Department of Computer Science, Stony Brook University, Stony Brook, New York, United States of America.
Department of Biostatistics and Medical Informatics, University of Wisconsin-Madison, Madison, Wisconsin, United States of America.
PLoS Comput Biol. 2020 Apr 2;16(4):e1007677. doi: 10.1371/journal.pcbi.1007677. eCollection 2020 Apr.
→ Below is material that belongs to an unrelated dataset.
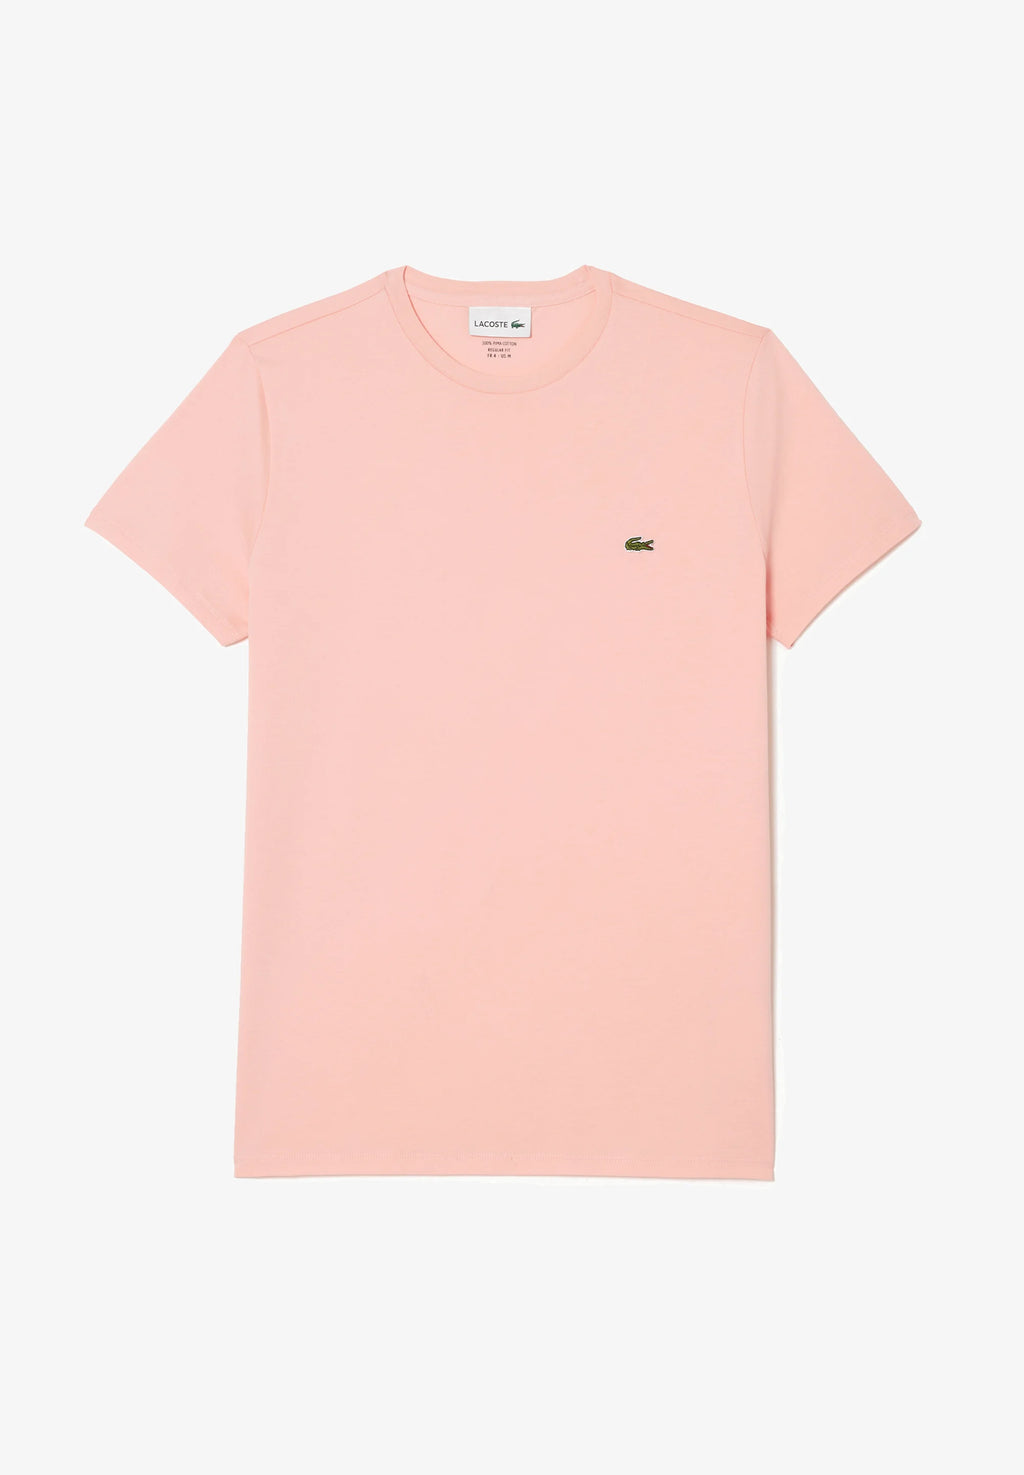 T-shirt Lacoste rose pour homme I Georgespaul

The molecular mechanisms and functions in complex biological systems currently remain elusive. Recent high-throughput techniques, such as next-generation sequencing, have generated a wide variety of multiomics datasets that enable the identification of biological functions and mechanisms via multiple facets. However, integrating these large-scale multiomics data and discovering functional insights are, nevertheless, challenging tasks. To address these challenges, machine learning has been broadly applied to analyze multiomics. This review introduces multiview learning-an emerging machine learning field-and envisions its potentially powerful applications to multiomics. In particular, multiview learning is more effective than previous integrative methods for learning data's heterogeneity and revealing cross-talk patterns. Although it has been applied to various contexts, such as computer vision and speech recognition, multiview learning has not yet been widely applied to biological data-specifically, multiomics data. Therefore, this paper firstly reviews recent multiview learning methods and unifies them in a framework called multiview empirical risk minimization (MV-ERM). We further discuss the potential applications of each method to multiomics, including genomics, transcriptomics, and epigenomics, in an aim to discover the functional and mechanistic interpretations across omics. Secondly, we explore possible applications to different biological systems, including human diseases (e.g., brain disorders and cancers), plants, and single-cell analysis, and discuss both the benefits and caveats of using multiview learning to discover the molecular mechanisms and functions of these systems.
目前,复杂生物系统中的分子机制和功能仍然难以捉摸。最近的高通量技术,如下一代测序,已经产生了各种各样的多组学数据集,这些数据集可以通过多个方面来识别生物功能和机制。然而,整合这些大规模的多组学数据并发现功能见解仍然是具有挑战性的任务。为了解决这些挑战,机器学习已被广泛应用于分析多组学。本文介绍了多视图学习——一个新兴的机器学习领域,并设想了它在多组学中的潜在强大应用。特别是,多视图学习比以前的整合方法更有效地学习数据的异质性并揭示交叉对话模式。尽管它已经应用于计算机视觉和语音识别等各种领域,但多视图学习尚未广泛应用于生物数据,特别是多组学数据。因此,本文首先回顾了最近的多视图学习方法,并将它们统一在一个称为多视图经验风险最小化(MV-ERM)的框架中。我们进一步讨论了每种方法在多组学中的潜在应用,包括基因组学、转录组学和表观基因组学,旨在发现跨组学的功能和机制解释。其次,我们探索了在不同生物系统中的可能应用,包括人类疾病(例如,大脑紊乱和癌症)、植物和单细胞分析,并讨论了使用多视图学习来发现这些系统的分子机制和功能的好处和注意事项。